# Sneaky pee pot!



## cjsud (Oct 26, 2008)

Hobbes is turning 4 and STILL every now and then, maybe once every other month, sneaks into a room and pee's! He has a dog door! Seems he'd rather pee on the carpet. I now have to keep my eye on him if I see him sneak off for no reason. I can't figure out what is preventing him from walking the extra 10 feet to the dog door. He was fine the first year but then would randomly make mistakes. No pattern to it. Not necessarily even in the same place. Not for spite, or sickness. Just something about the outside that day or time :crazy:

His potty area is covered from the rain but still gets a bit wet so the rain doesn't really "wash" it. It has stepping stones and stone/ gravel. It's about 20x5 with a doggy door avail all day and night.
Do you think over the years the stone smell may be too strong? Should I think about replacing it? Grass is not an option in that area since we have sandy soil and it's very shaded.
Since this is only a once and a while thing I really shouldn't complain but I do want to wring his fuzzy cute little neck when I catch him in a squat within eye shot of the dog door. :doh:

Does anyone else have this problem? Do you all have grass runs or yards, anyone with stone? Should I put something other then stone down to make clean up better. I have to admit it's hard to get everything picked up with gravel! So much nicer on the stepping stones but still they absorb odors I would think. At least on grass the pee goes into the ground faster.


----------



## Renee (Mar 27, 2008)

I was just wondering the same thing myself this morning. We have a grassy area, as well as a bricked area and a concrete area. Lately, my dogs have been wanting to poddy on the brick. If this continues, will it leave a smell in the brick that will be impossible to get out in the future??


----------



## Sarah (Sep 1, 2008)

Renee, 

My yorkie (before she passed), and my Hav both pee and poo on rock or cement. Every weekend I take bleach and water and hose down the cement. This way I know its clean. Much cleaner then grass!! You can do the same on your brick. 

Cindy, 

My Yorkie did the same thing prior to her death. She would ALWAYS be right in front of my island in the familyroom/kitchen. Drove me crazy. I think it becomes a lazy thing. Though Yorkies are different from Havs, and much more stubborn. But I think they get lazy. They know moma aint watchen, so they can go over here... pee... and release that tingle feeling.  Lil boogers! 

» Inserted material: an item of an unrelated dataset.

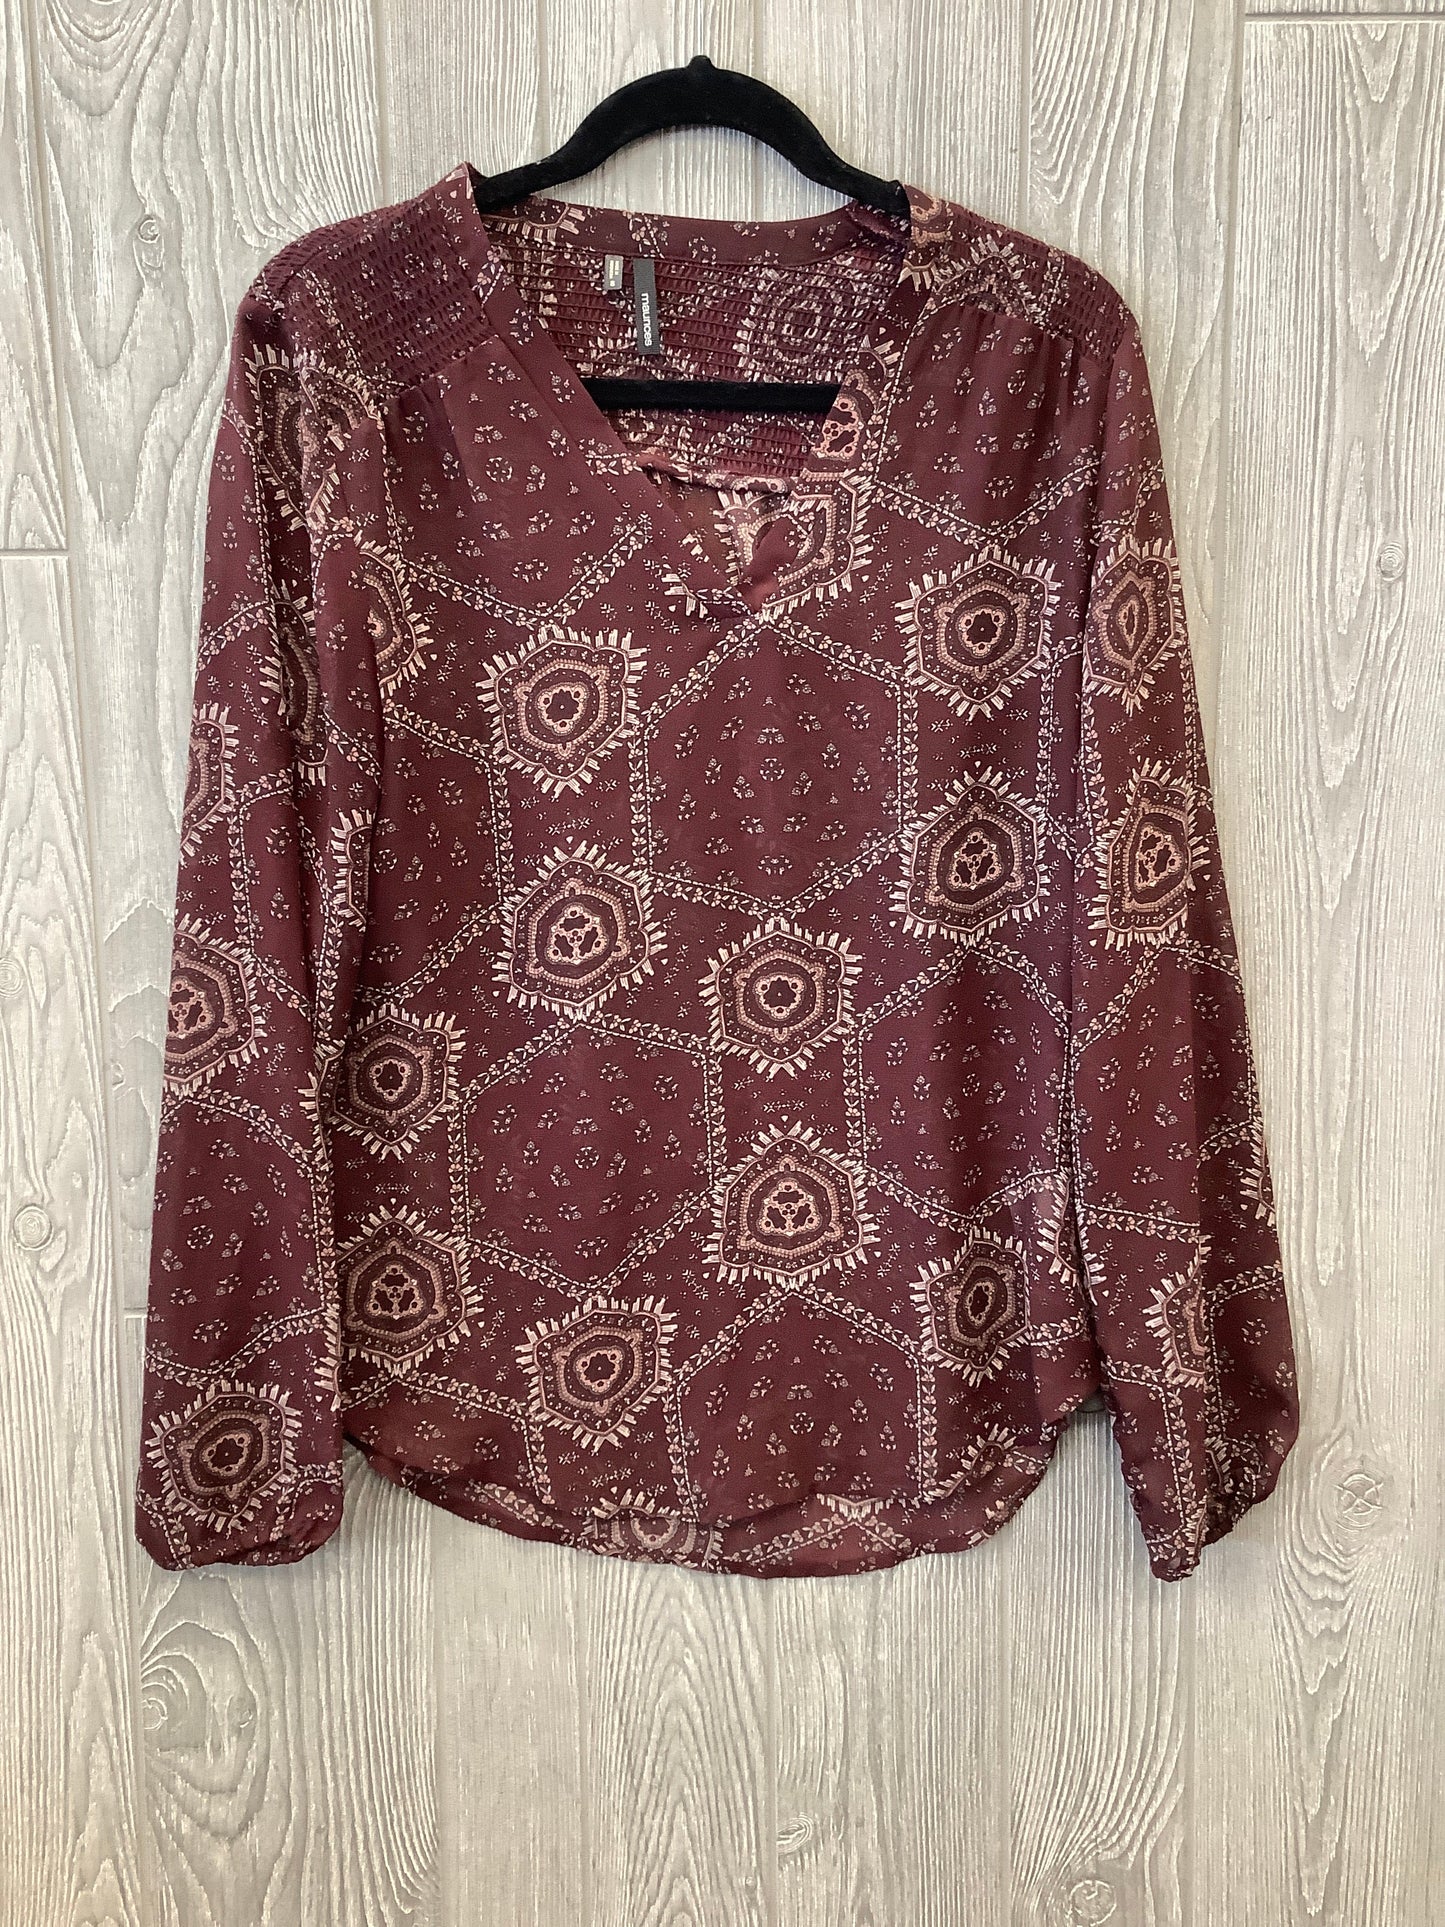 Purple Top Long Sleeve Maurices, Size S

So I started laying down pee pads in front of where she like to squat. When friends/family came over I would pick them up and she wouldnt use that area because the traffic. So you may want to try that. Or, shut all the doors, put up a baby gate, or keep a bellyband/wrap on him or her when they are in the house. Put a kotex pad on the band/wrap so if they do pee, you dont have to wash the wrap, you just throw away the pad. Its helpful. 

S


----------



## Scooter's Family (May 23, 2008)

I found pee in my son's bed, wasn't him! He's 12 and was horrified when I told him. I don't know how he didn't notice because I smelled it and then looked. It was on the top sheet and comforter that was folded back so I know it was one of the dogs. I don't know when it happened though! The only time they're upstairs is if they're with one of us and I try to watch them the whole time. Yesterday I had to wash the sheets and the comforter, ugh...and my son was really grossed out.


----------



## murphymoesmamma (Apr 1, 2009)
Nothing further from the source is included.